If you’re an Irish citizen and want to get citizenship for a family member, you need to know what could go wrong. This will help ensure that your application is successful and your loved one comes home with an Irish passport.
Your sponsor was neglectful or abusive to you.
If a sponsor is abusive or neglectful to you, they will not be allowed to sponsor you. This includes physical or emotional abuse.
If your sponsor was abusive or neglectful, they could still be considered as a sponsor if they have changed their behavior and they show remorse for their actions. If this is the case, you must provide evidence that shows how the abuser has stopped being abusive and shows remorse for what happened in the past.
You failed to provide evidence of your Irish heritage.
The Irish Naturalisation and Immigration Service (INIS) is a tough but fair judge when it comes to determining whether or not you qualify for citizenship. In order to successfully apply, you’ll need a birth certificate or passport from Ireland. You can also submit baptism certificates, marriage certificates and other documents that prove your Irish heritage or contact us for dublin immigration solicitor
Your criminal background check revealed a violent crime.
The Irish Department of Justice and Equality has the right to refuse you Irish citizenship based on your criminal history. If your application is rejected, you will not be able to apply for an Irish passport. Furthermore, if you are convicted of a violent crime after being refused citizenship, you may be deported from Ireland.
You can find out more about these rules at this link: https://www.citizensinformation.ie/en/moving_country/irish_citizenship/apply_for_irish_citizenship/criminal_convictions.html
When applying for citizenship, you violated immigration law.
If you have been deported, or if you are in the country illegally, your citizenship application will be denied. In addition, you can be refused if you were in prison or convicted of a crime.
- You were deported from Ireland.
- You entered Ireland without permission and are applying for naturalization through ancestry. If this is the case, then you may not meet the nationality requirements set out by Irish law to become an Irish citizen through naturalization. The rules on this vary depending on whether or not someone has spent time outside Ireland after completing three years as a long-term resident here (or less). For example, if they have not spent such time abroad during that period—and also do not hold dual citizenship with another country—then they must leave and return within one year before being able to apply again under Section 5(1)c (ii) above.*You held dual citizenship at the time of your first application but do not currently hold dual citizenship; or *You held dual citizenship at some point between making two applications within five years where neither was successful.*
You did not pay the required fees.
If you want to apply for Irish citizenship, you must pay the required fees. If your application is rejected, it’s because of one thing: You didn’t pay the required fees.
The cost of applying for Irish citizenship can vary depending on the time frame in which you submit your application and whether or not it is sent online or by post. However, it’s important to note that if your application has been rejected due to unpaid fees and you later decide to reapply after paying them, your previous payment history will be taken into account when calculating new processing times and costs as well as any possible discounts for which you may qualify.
You didn’t apply correctly.
If you think that you missed a step in the application process, or if you’ve been declined for citizenship based on an error on your part, it’s worth taking a second look at your application form. You may have failed to provide all of the required documents or information about yourself.
You must also be sure that any documents provided by third parties are verified by an independent source such as a government agency or notary public. This can help avoid mistakes like providing incorrect copies of birth certificates.
When applying for Irish citizenship, make sure you understand all the requirements and pay attention to the details of your application.
- Before applying, you must have been a permanent resident in Ireland for at least three years.
- You must be legally entitled to live in Ireland. This means that you must not be subject to deportation or removal orders.
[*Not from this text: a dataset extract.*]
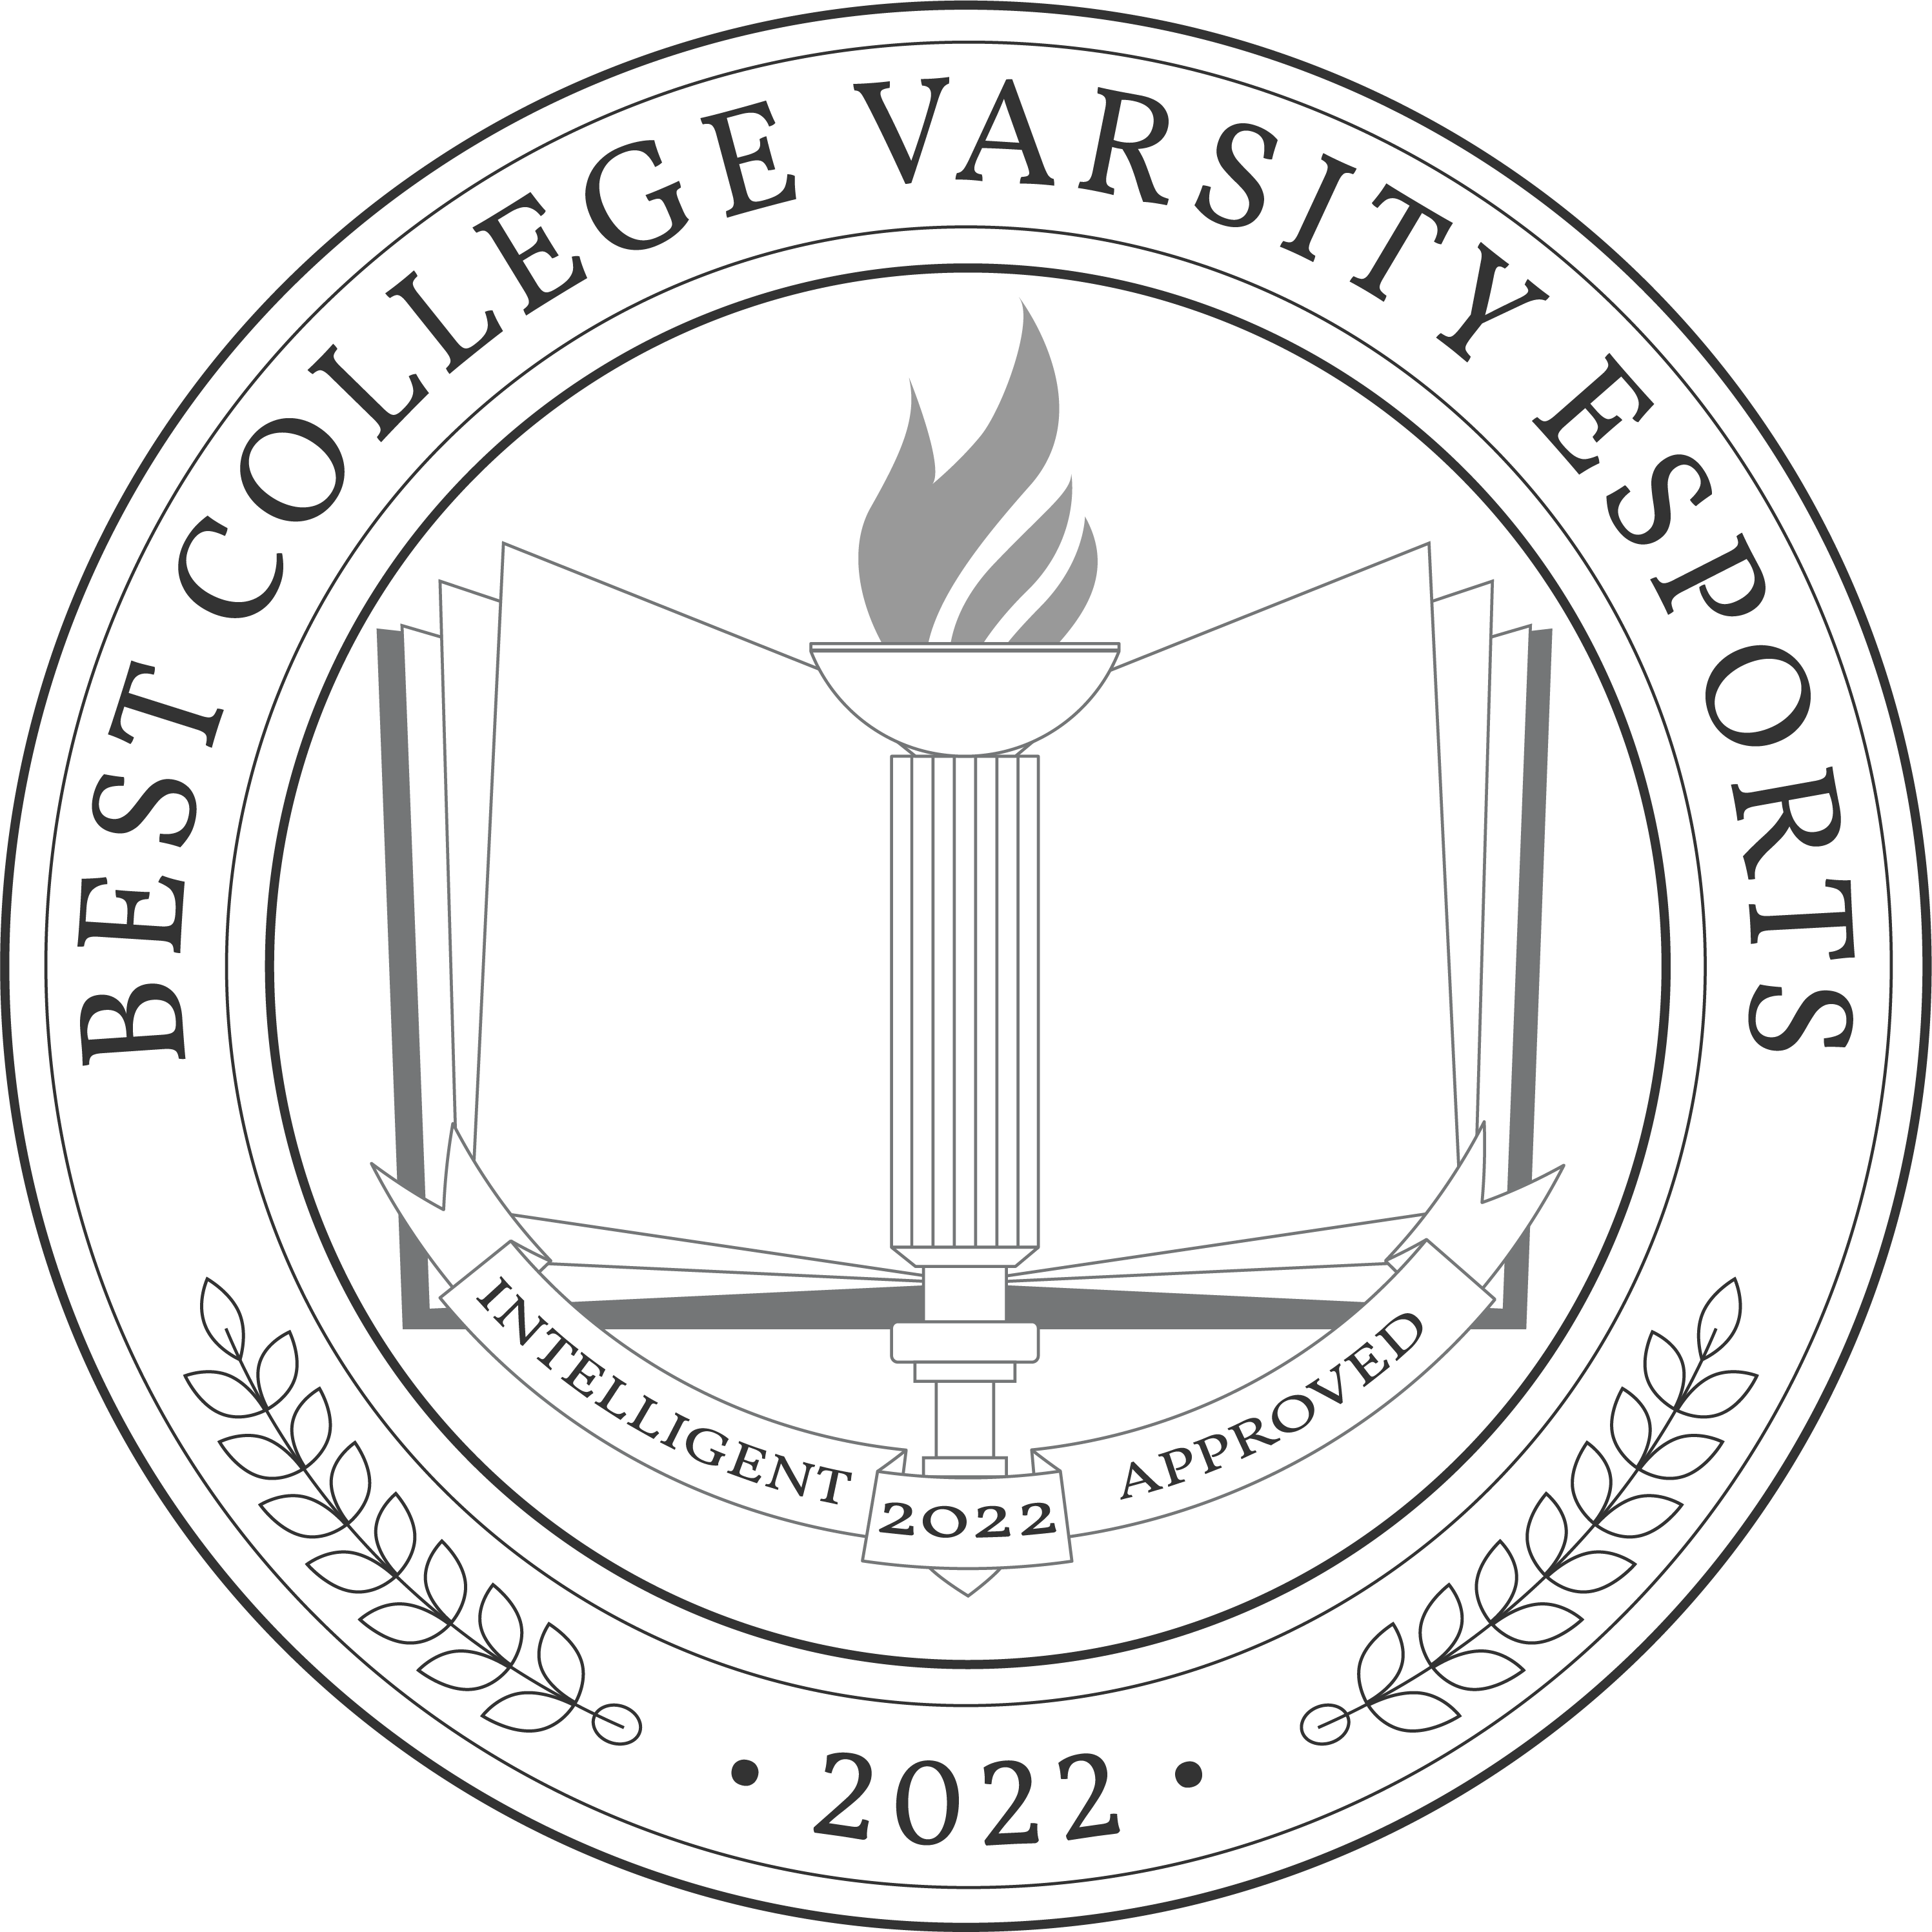 Best College Varsity 2022 Badge

If this applies to you, then contact your nearest Irish embassy or consulate before applying.
- You should also have a good understanding of the Irish language and culture–the more effort you put into learning these things and the more time you spend living here, the better prepared you’ll be when it comes time for approval from the Minister for Justice and Equality (Ireland’s Minister of Justice).
- As part of your application process, officials will conduct an interview with them about any past criminal activity as well as any other factors that might affect whether or not they’d approve your citizenship request; if there are concerns about either type (past convictions or character issues), then it may be best for applicants who fall into this category to apply elsewhere instead.*
The Irish government is looking out for you, and its goal is to make sure that only people who will be good citizens receive citizenship. However, it also wants to avoid the costs and complications of having to investigate every application. Unfortunately, there are some cases where a person might have been turned down for citizenship even though they were eligible under the law. If this has happened to you, contact an attorney who specializes in dublin immigration solicitor law so they can help you appeal the decision or apply again with new information that could make all the difference!